Tuesday, May 3, 2011

Heartbroken and defeated

So it's the day after the election and my world has crashed, the sky has fallen and any other apocalyptic metaphor you can quote. The Harper Conservatives not only didn't get decimated as I fervently hoped (and prayed!), they won a titanium-strong majority!

Imagine my shock when I decide "to just check the polls" before I head down to the Liberal party in downtown Vancouver to celebrate and what do I see but the Liberals are already trailing badly, and the NDP and Conservatives surging ahead! Slumping down into the chair, I open a Twitter tab and recognize I'm not going anywhere. Fervent praying commences as I hope for a turn-around. It doesn't come and at the end of the night when a woman credits her "prayers for a Conservative majority," it seems too much.

I know I didn't get out and do the hard work, door knocking or phone canvassing for my party. And I know I should have. My country needed me. But I have to ask, would it really have made any difference? With the majority of people too absorbed in garbage media and irrelevant pop culture, most of those I spoke to said they "didn't have time" to learn about the candidates and wouldn't know who to vote for. Of course I gave them my advice (#vote strategic! but I know none of them did.

That sure makes one question their persuasive abilities. I understand that people are fond of using their vote for their favoured candidate or party. I myself struggled with the concept the first few elections I heard about it. But the very result of us not voting strategic, as in the same result we just achieved in election 41, is a Harper Conservative majority with only 40% of the participating voters choosing CPC. Is that democracy?

I don't think so.

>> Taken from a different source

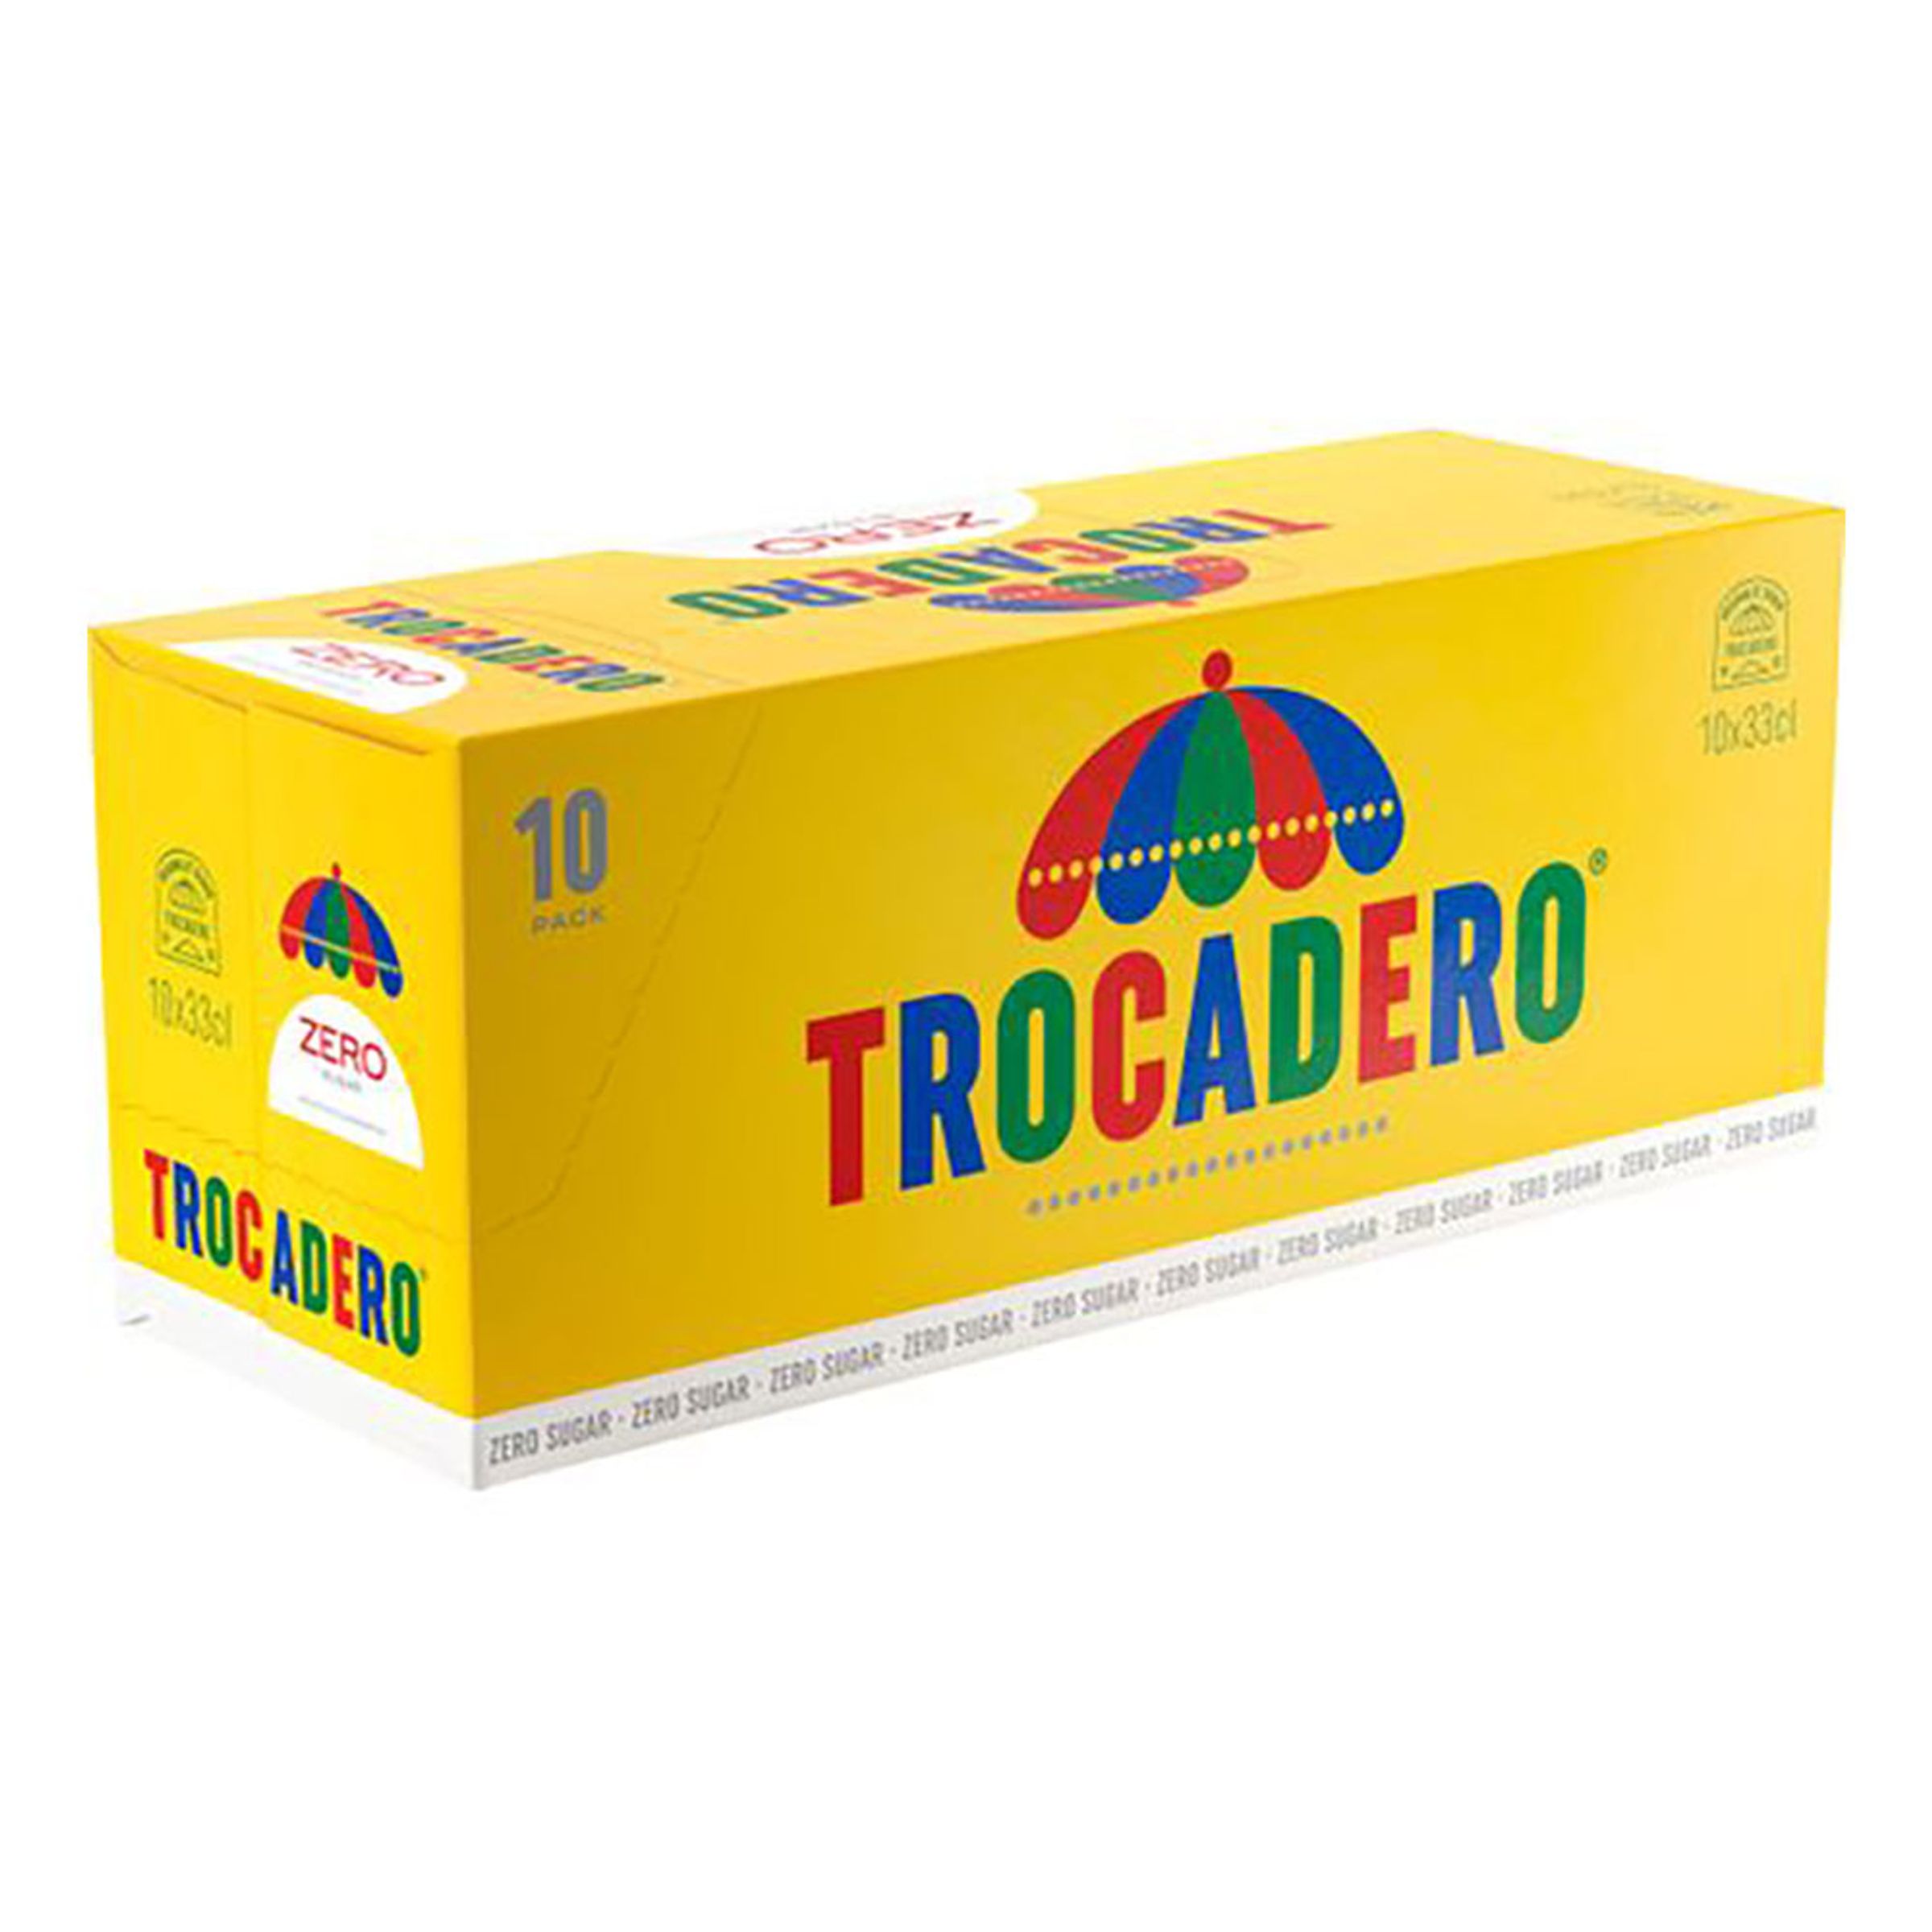 Trocadero Zero Fridge Mate - 10-pack

But, as my husband points out, if the Liberals had won a majority the same way I'd be ok with it. And he's right. So I'm a hypocrite? Well, I'll say this. The Liberals, being a centerist party, governs more for all of Canada than a far right one. Or a far left one.

I am feeling discouraged and wonder if there is even a party to resurrect. But I know there is. And despite the "drubbing", (media's favourite word for what happened to the Liberals last night) we took, we will rebuild. And, after four years of Harperland with an inexperienced NDP opposition, the electorate has got to have come to their senses. Don't they?